本明細書において使用している「サンプル」とは、材料または材料の混合物をさすが、一般的には、液体である必要はないが、1つもしくはそれ以上の目的の構成成分を含む。

「基板（支持体）」、「マイクロアレイ基板（支持体）」または「基板（支持体）表面」とは、多孔性もしくは半多孔性の固体または半固体材料をさし、固定化されたプローブ分子に対して安定した支持体を形成することができる。基板表面は、多様な材料から選択することができる。例えば、生物学的材料（例えば、植物細胞壁など）、非生物学的有機性材料（例えば、シラン類、ポリリジン、ヒドロゲル類など）、無機性材料（例えば、ガラス、セラミックス、SiO₂、金もしくはプラチナ、または、金もしくはプラチナ被膜など）、ポリマー材料（例えば、ポリエチレン、ポリスチレン、ポリビニル、ポリエステルなど）またはこれらの任意のものの組み合わせをスライド、平板、フィルム、粒子、ビーズもしくはスフェアなどの状態で用いることができる。好ましくは、基板表面は二次元かつ比較的平らであり、バイオスポットのプリントができるように十分に多孔性であるが、別の表面構造をとることもできる。例えば、隆起または陥没領域を有するように、基板を押し出し成形することができる。好ましくは、基板表面は、その上面に、少なくとも1種類の官能基または反応性基を有するが、そのような基としては、アミノ、カルボニル、ヒドロキシル、チオール基、アミン反応性基、チオール反応性基、Ni−キレート形成基、抗His抗体基などが用いられる。

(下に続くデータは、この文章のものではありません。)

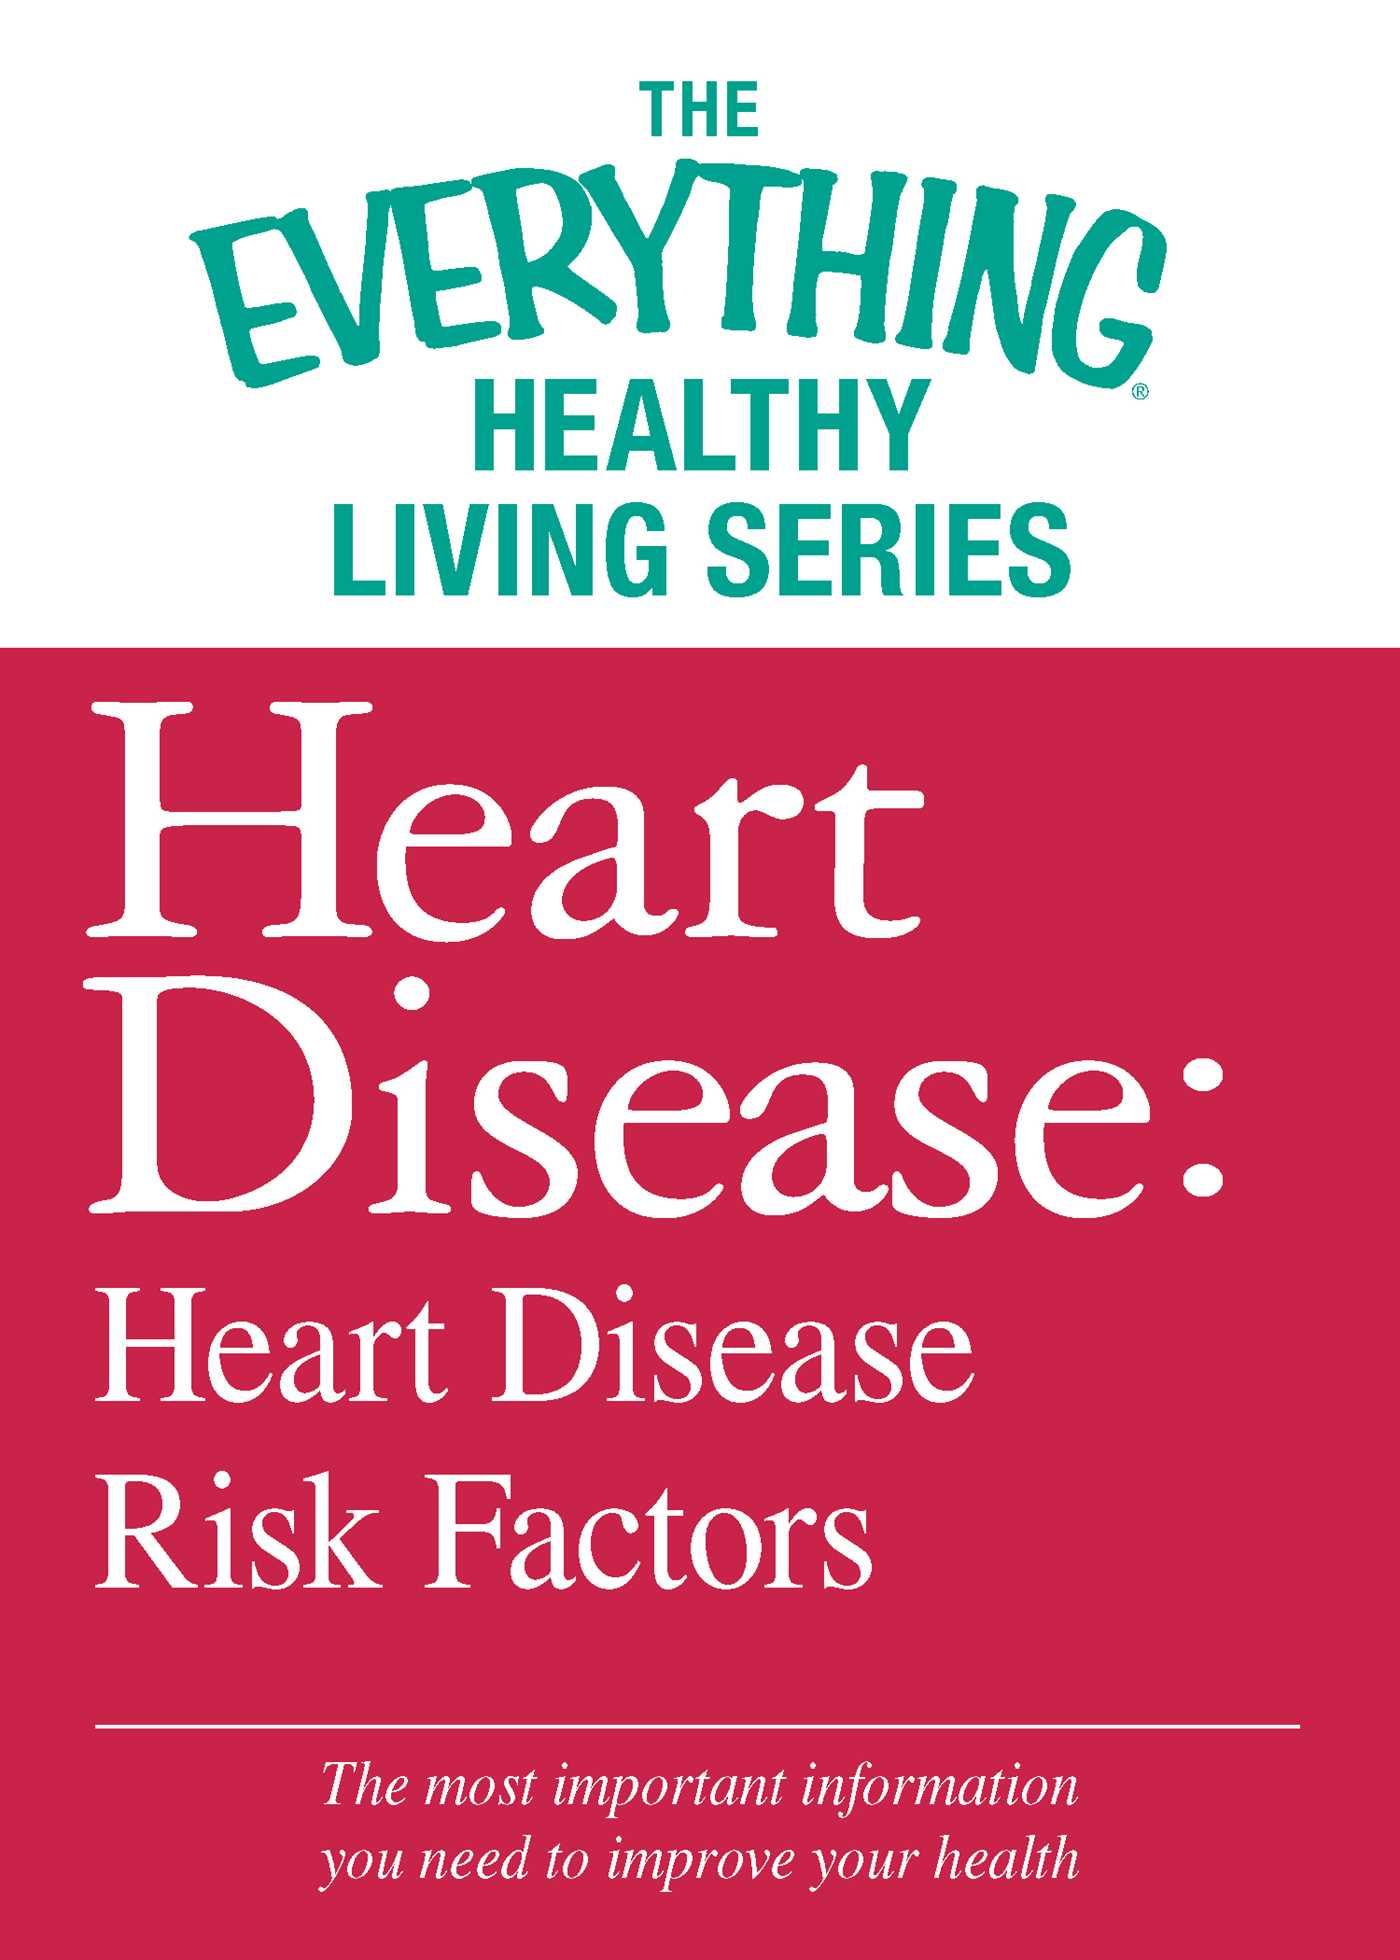 Heart disease heart disease risk factors 9781440565748 hr

本明細書において使用している「標的（ターゲット）」、「標的（ターゲット）部位」、「標的（ターゲット）分析物」、「生物学的標的（ターゲット）」または「化学的標的（ターゲット）」とは、サンプル中で溶媒和した対象の粒子、分子または化合物をさし、検出、確認されるものである。適切な標的としては、有機性および無機性分子、生体分子などが挙げられる。好ましい実施態様においては、標的は、環境汚染物質（例えば、農薬、殺虫剤、毒素など）；化学物質（例えば、溶媒、ポリマー、有機性材料など）；治療用分子（例えば、治療および濫用薬物、抗生物質など）；生体分子（例えば、ホルモン、サイトカイン、タンパク質、ペプチド、タンパク質ドメイン、融合タンパク質、ヌクレオチド、オリゴヌクレオチド、DNA、RNA、ペプチド核酸（PNA）、ゲノム性DNA、脂質、脂質膜、炭化水素、細胞膜抗体、受容体およびそれらのリガンドなど）；細胞全体（例えば、病原菌、真核細胞など）；ウイルス；または胞子などである。

2．詳細な説明
米国特許出願公開第2003-0003474号または同第2002-0142339号明細書、国際公開第00/61282号パンフレット、またはM.グラザー（Glazer）らによる文献（「高能力DNAプローブアッセイ用のコロイドシリカフィルム（Colloidal Silica Films for High-Capacity DNA Probe Assays）」、Chem.Mater.,2001,13,4773-4782）に記載されているような多孔性基板は、近年、固相生物学的アッセイの分野における研究および開発の中心領域である（これらの文献の内容を参考として本明細書中に取り入れておく）。多孔性基板は、非孔性支持体に塗布または接着された実質的に平らな多孔性の無機層を有する。多孔性基板の長所は、高密度アレイ用の核酸および／またはその他のプローブ部位の保持能力が高められていることである。多孔性表面は、DNAプローブ分子を固定化するための表面積が大きくなり、例えば、基板の単位断面積あたりの核酸結合部位の密度が高くなっている。単位面積あたりの結合可能部位数が増加することにより、固定化ヌクレオチドプローブをより多く保持でき、標的分子とハイブリダイズした場合に、より高レベルのシグナルを放出する。ポリシランまたは陽イオン性ポリマーなどのような結合剤被膜で適切に処理した多孔性無機性表面も、横からの混線を避けることができる。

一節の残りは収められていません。